> **RECORDS SUPPLIED**
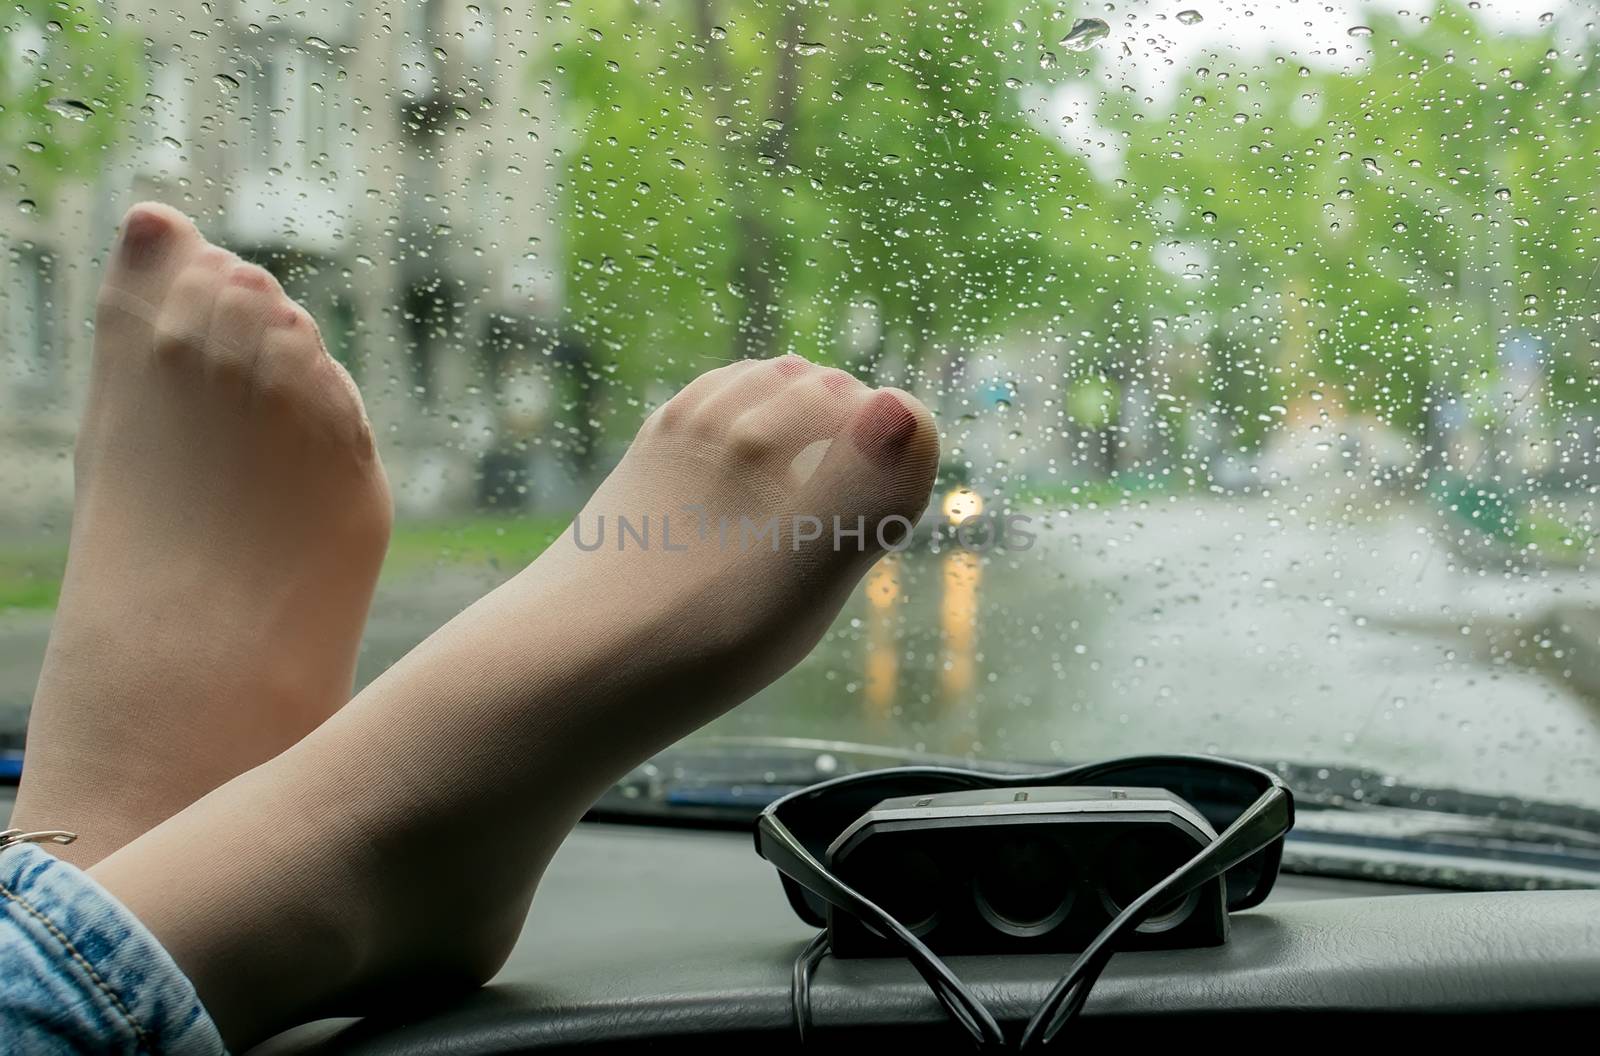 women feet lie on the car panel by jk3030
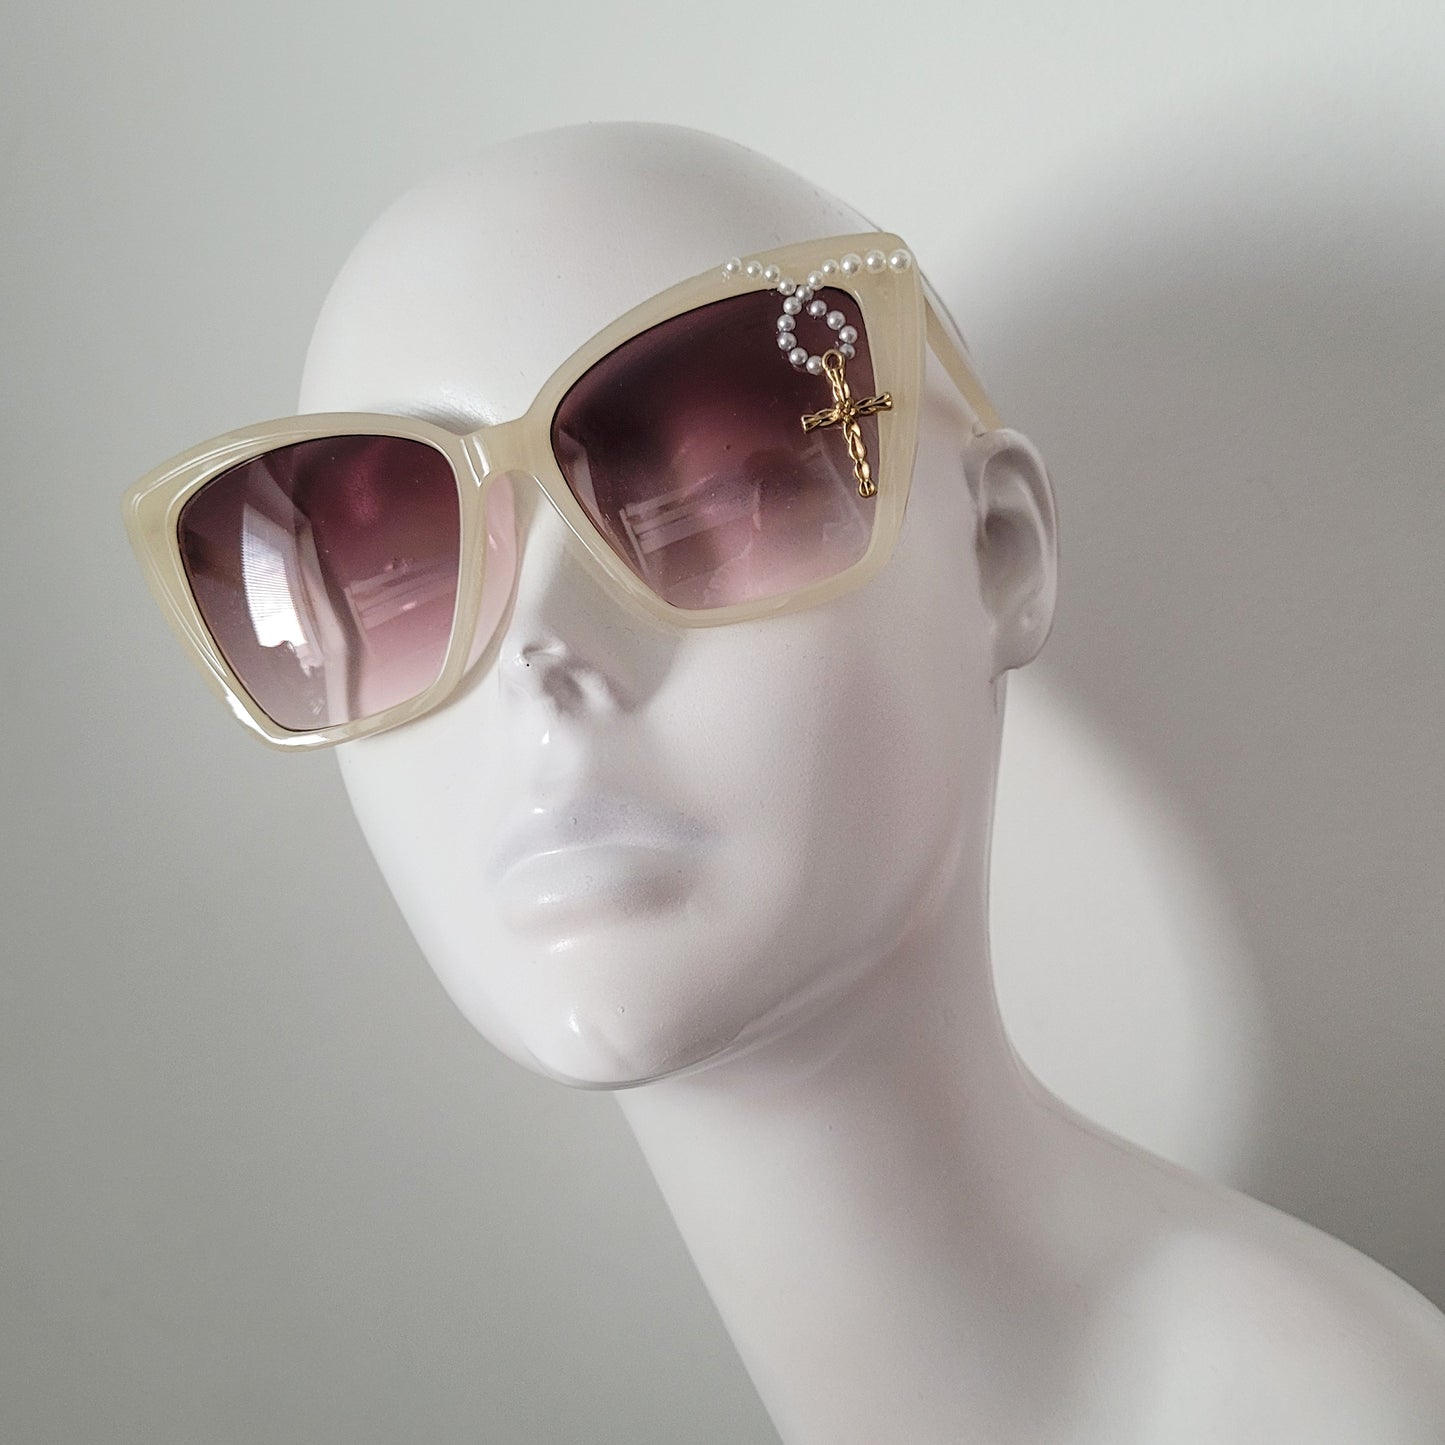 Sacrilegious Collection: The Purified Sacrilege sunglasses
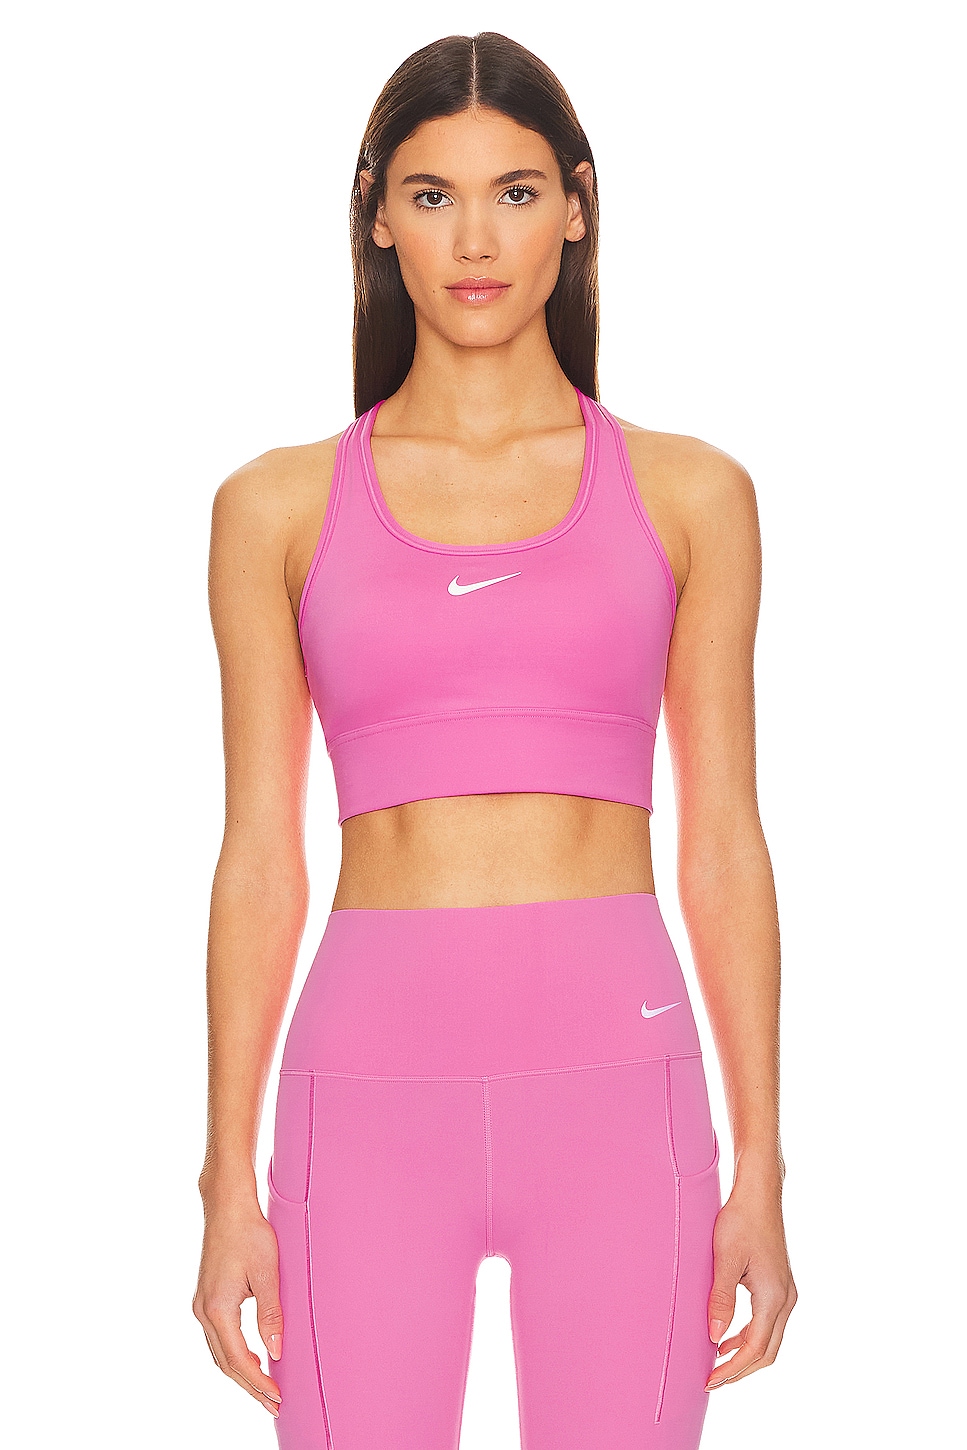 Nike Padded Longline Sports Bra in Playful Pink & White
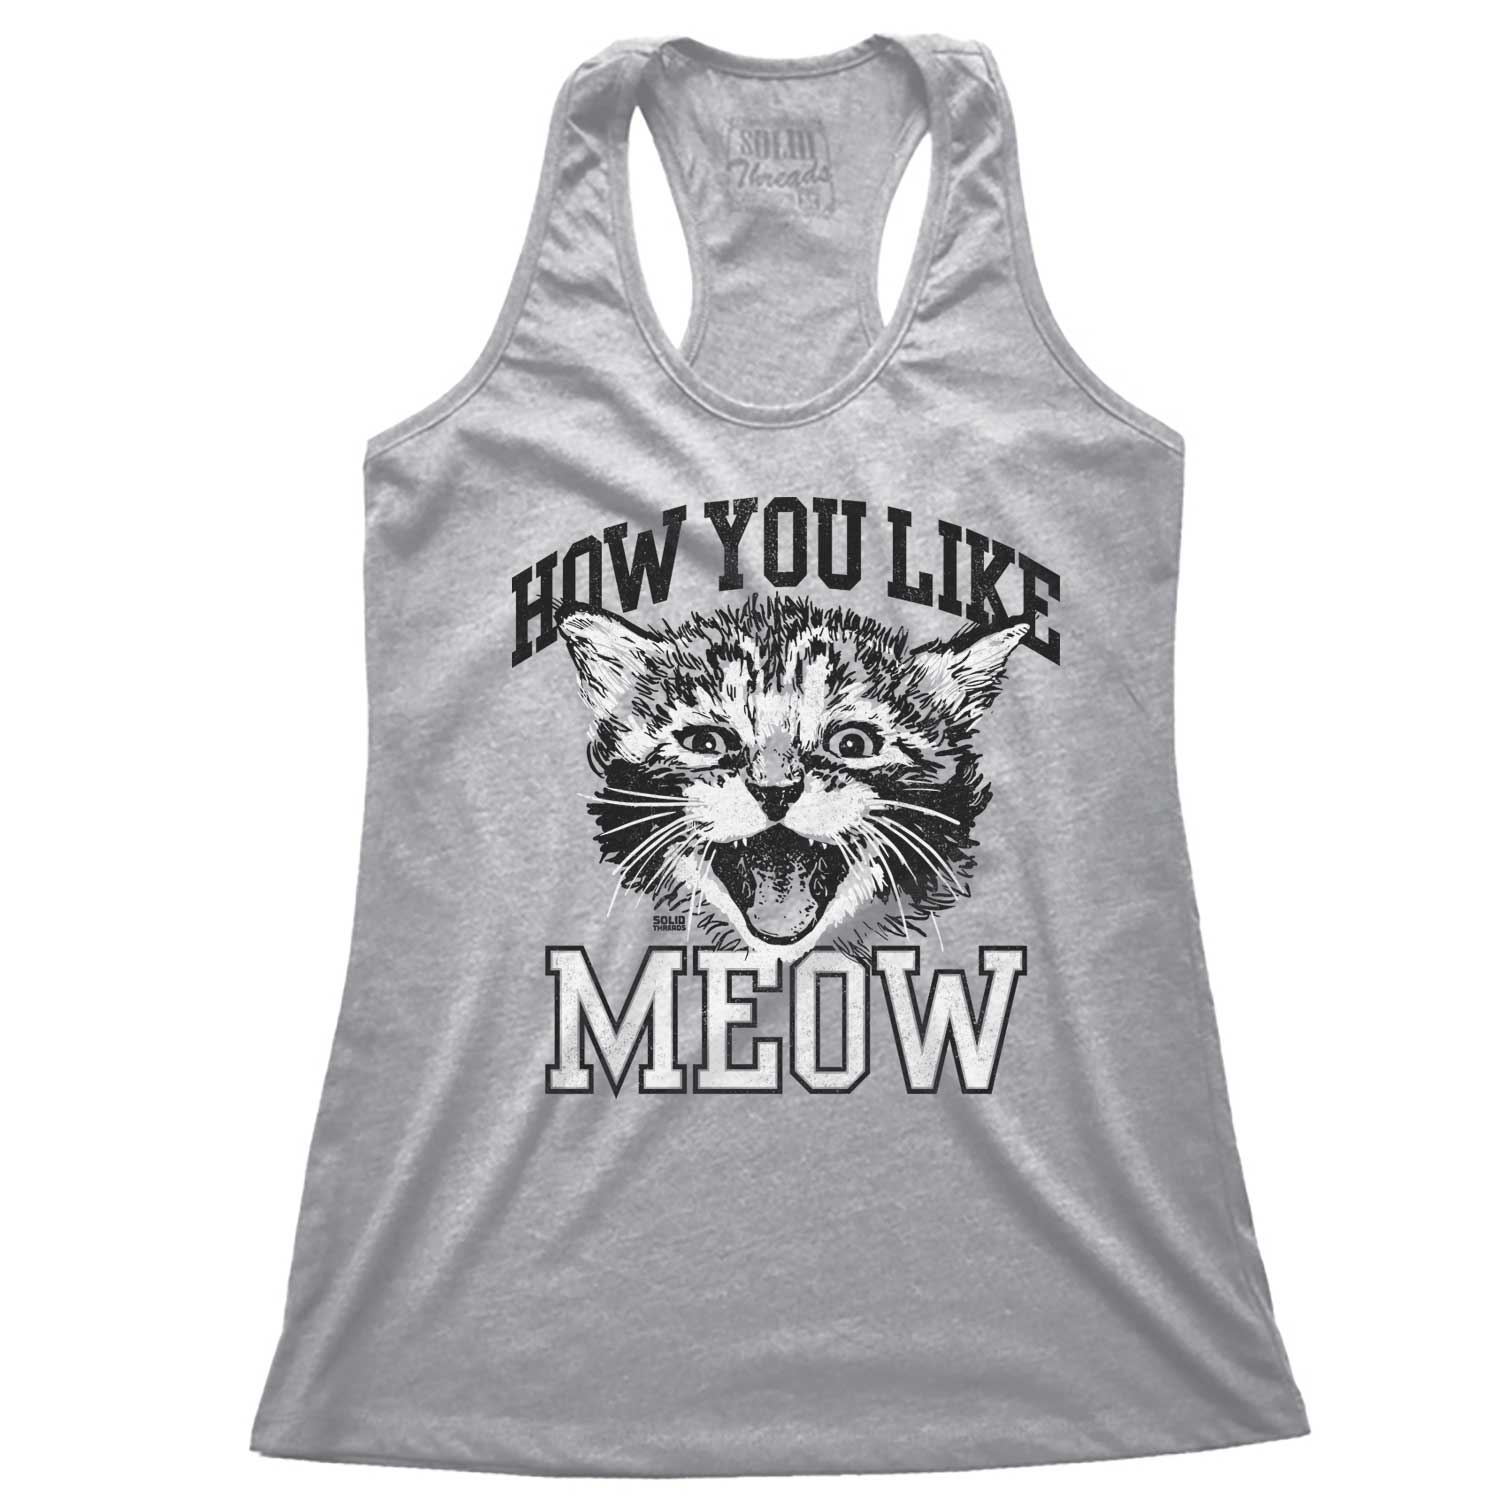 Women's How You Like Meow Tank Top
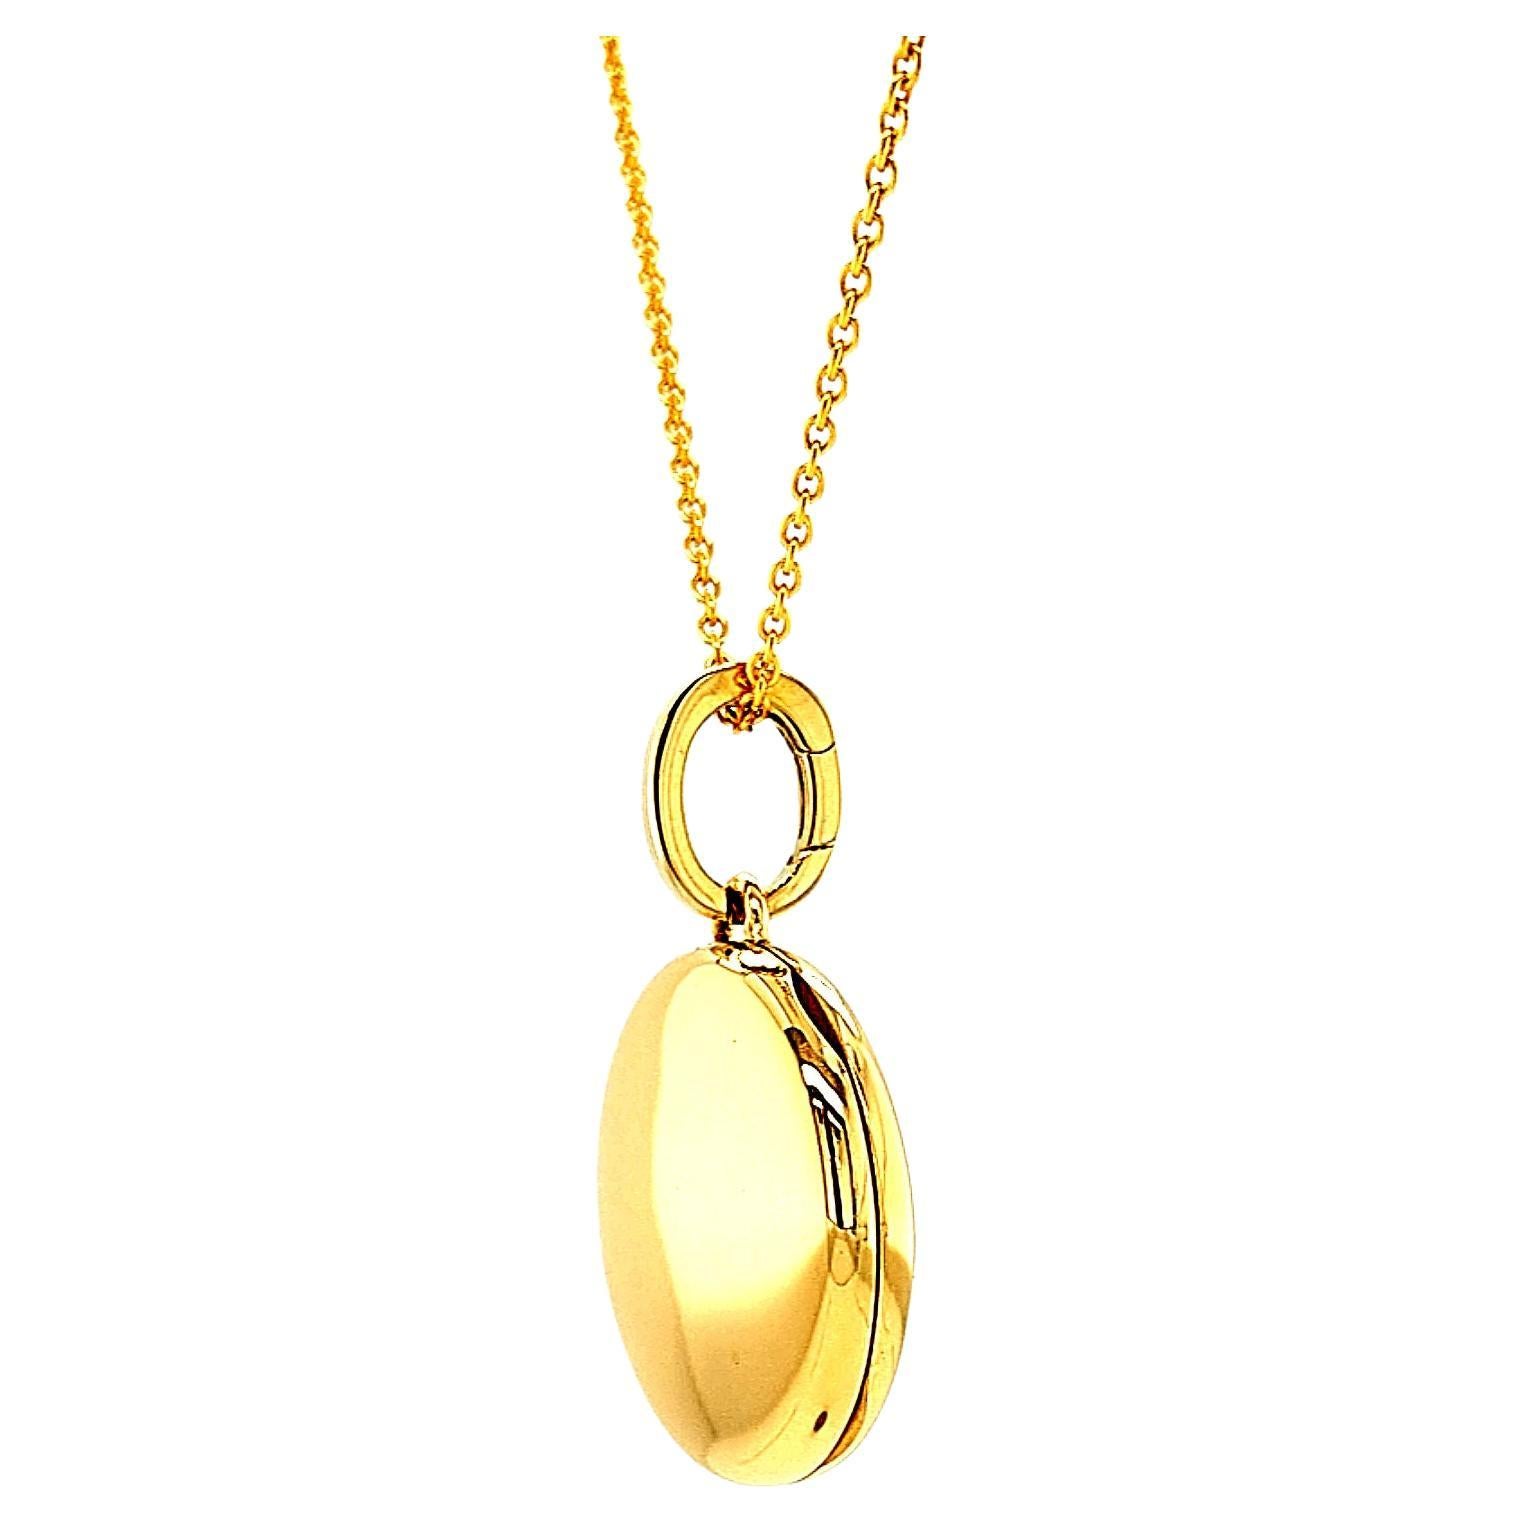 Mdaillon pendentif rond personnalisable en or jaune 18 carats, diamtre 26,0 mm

> **YOUR ASSIGNMENT**
Beginning with the line that contains "Women's How You Like Meow Tank Top" and ending with the last line of the data above, output those lines exactly and nothing more, without any pictures.

> **OUTPUT FOR THIS TASK**
 Women's How You Like Meow Tank Top
 Mdaillon pendentif rond personnalisable en or jaune 18 carats, diamtre 26,0 mm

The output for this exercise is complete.